Я потрясенно поднял глаза. Верный сидел, по прежнему опираясь спиной на тюк, и хихикал, по его подбородку стекала вниз и капала на одежду красная слюна, а в глазах было такое безумие, что у меня по спине пробежали мурашки.

— Какая мерзость! — Ксенна пнула язык и он отлетел в дальний конец шатра. — До чего надо довести человека, чтоб он такое с собой сделал? Но своего он добился, да. Через два часа он умрет от потери крови, и до того ты уже из него ни слова не вытянешь — ни с амулетом, ни без него.

Я почувствовал, как у меня подкашиваются ноги. Все события сегодняшней бурной ночи навалились на меня разом — девушка–убийца, вспоротые глотки охранников, отряд головорезов, ночной бой, а теперь еще и этот сумасшедший фанатик, откусывающий сам себе язык, чтобы не рассказать лишнего о своей секте! И плюющий в меня этим языком! Нет, мне сейчас просто жизненно необходимо выпить. Я доковылял до ложа, упал на него, пошарил рукой в раскрытом бауле и вытащил оттуда бутылку наугад. Оказалось, красное набатейское. Вытащил зубами пробку и сделал два больших глотка. И еще. Вот, так то лучше.

— Садись–ка сюда, красавица. — похлопал я рукой рядом с собой, приглашая Ксенну присоединиться. — Садись, и пусть вместо человеческой крови, что так щедро лилась сегодняшней ночью, льется лишь красная кровь винограда с берегов Иордана. Только прошу тебя, выведи сначала этого безумца на улицу и как–нибудь безболезненно…

Я провел пальцем по горлу, показывая, что необходимо сделать.

— Незачем ему мучится еще два часа, и мучить меня своим омерзительным хихиканьем.

— Хорошо. — Ксенна схватила нубийца за шиворот и потащила за собой из шатра, а я, наслаждаясь наступившей тишиной, сделал еще несколько глотков из бутылки. Когда моя милая убийца вернулась и уселась рядом, хмельной дух вина уже начинал ласково кружить мою голову.

— Будешь? — я протянул Ксенне бутылку.

— Буду. — она взяла ее и сделал несколько маленьких глотков. — Скажи, Ахмар, а зачем тебе все это? Ты ведь на самом деле мог избавить себя от неприятностей и не рисковать своей жизнью. Отдал бы меня верным. Преступница понесла наказание и ты спокойно возвращаешься в столицу. Зачем тебе все это?

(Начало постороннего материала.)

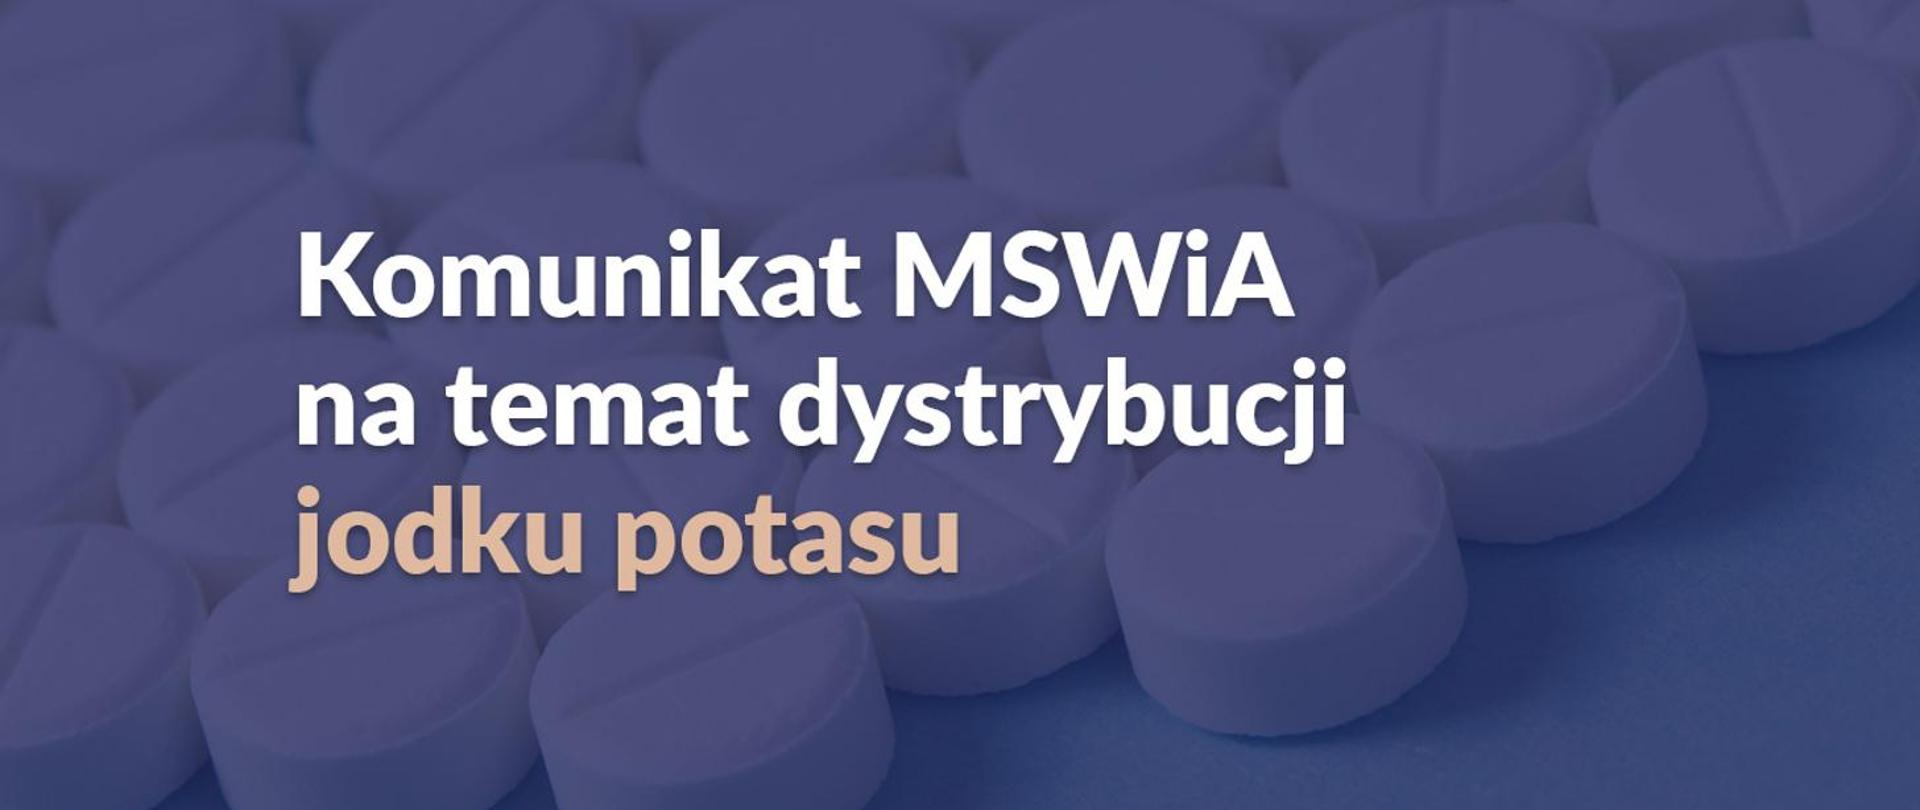 Zdjęcie przedstawia napis: "Komunikat MSWiA na temat dystrybucji jodku potasu" na tle tabletek w kolorze białym

— Знаешь, — я потихоньку начал перемещать свою руку позади Ксенны поближе к ней, — когда я увидел, как в полночный час в мой шатер врывается прекрасная дева с безумным желание в глазах, пусть даже это и желание убить меня, я понял, что это дар, который посылает мне пустыня. Ты знаешь, во многих аксумских сказках герою пустыня посылает дар. И его нельзя отвергать — тот, кто это сделает, обречен. И если пустыня выбрала меня, то кто я такой, чтобы спорить с ней? Мне остается только принять этот прекрасный дар с почтением и благоговением, и заботится о нем до конца своей жизни.

На последних словах я приобнял девушку, и стал наклоняться к ней, рассчитывая сорвать поцелуй с ее прекрасных коралловых губ.

— Гхм. — Ксенна медленно, но непреклонно убрала мою руку с ее талии и отодвинулась подальше. — Давай–ка я тебе кое–что объясню…

Ксенна.

…Наш клан, Ахмар, несколько отличается от обычных жителей Империи. А еще больше мы, женщины клана, отличаемся от ваших женщин и девушек, робко живущих в тени мужчины–повелителя. Наши мужчины не берут нас силой, не покупают у родителей за золото и верблюдов, не запирают на всю жизнь в женской половине дома, оставив только право обслуживать прихоти мужа — от еды до любовных утех, да еще постоянно рожать ему наследников.

— Неужели вы не выходите замуж? — Ахмар смотрел на меня словно выпивоха, внезапно обнаруживший в своей бутыли вместо вина чистейшую воду. — Не знаете любви и страсти? И вам неведомо, как пьянят они сердца смертных, возвышая их до высот, на которых парят боги? Но не беда, я всему тебя научу…

— Уж учить меня точно не надо. — прервала я его пьяные излияния. — Все у нас есть. И любовь, и страсть, и дети. Мы, между прочим, в отличии от вас, все свои браки заключаем только по любви или взаимной симпатии. И только на тот срок, пока эта любовь существует. У нас никто не держит возле себя опостылевшего человека до конца жизни. Как вы держите уже ненужных жен, сбегая от них каждый вечер к танцовщицам или храмовым девам.

— Послушать тебя, так мы просто все время издеваемся над женщинами! Но это же не так! Они не жалуются, им нравится прильнуть к надежному мужскому плечу.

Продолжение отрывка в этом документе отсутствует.